**Data provided:**
========================================================================

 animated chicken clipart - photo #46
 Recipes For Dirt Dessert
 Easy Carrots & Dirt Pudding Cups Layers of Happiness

========================================================================

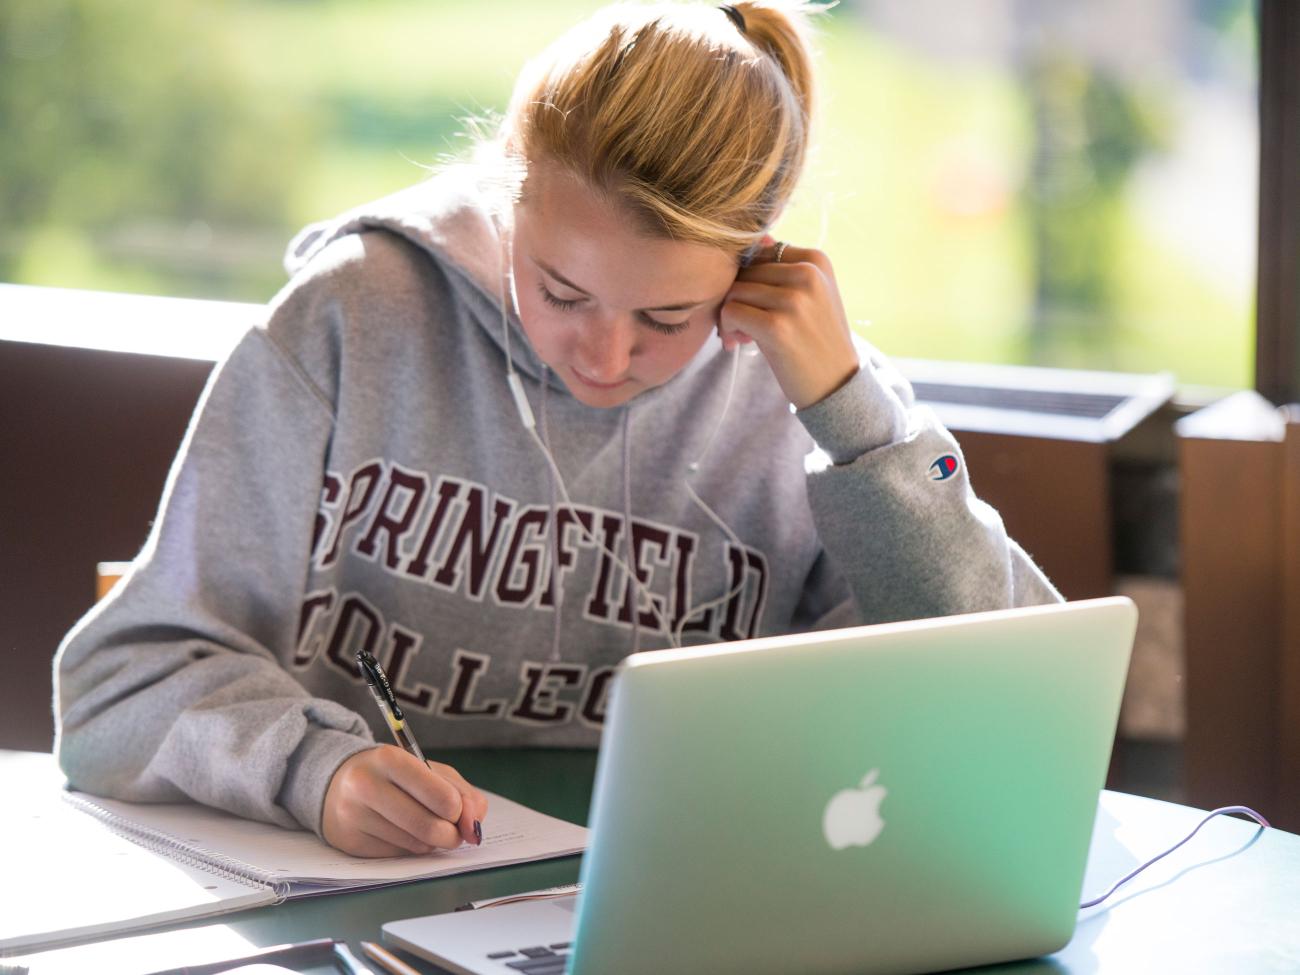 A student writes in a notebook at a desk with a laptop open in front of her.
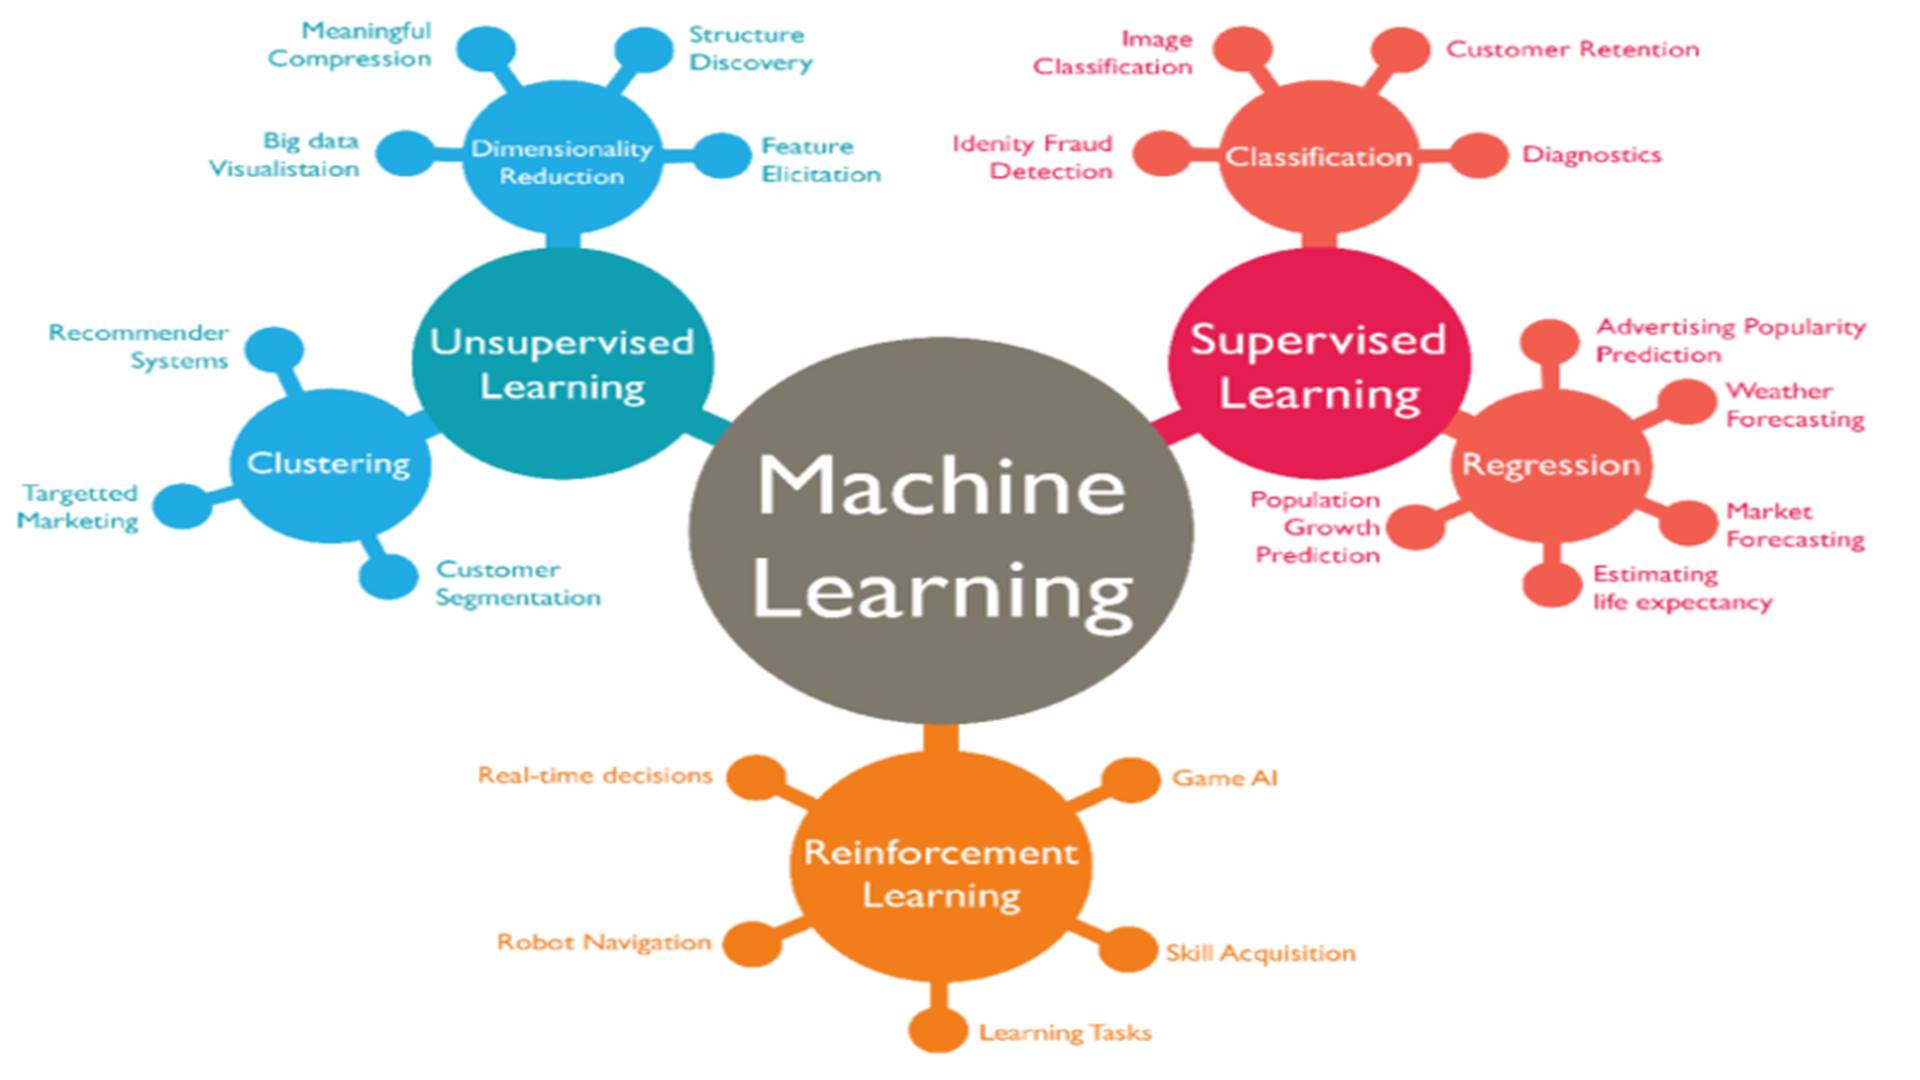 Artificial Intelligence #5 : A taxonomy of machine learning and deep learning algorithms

========================================================================

**Task prompt:** Output the lines above exactly, but only those between the line holding "animated chicken clipart - photo #46" and the line holding "Easy Carrots &", inclusive.

**Solution to the exercise:**
 animated chicken clipart - photo #46
 Recipes For Dirt Dessert
 Easy Carrots & Dirt Pudding Cups Layers of Happiness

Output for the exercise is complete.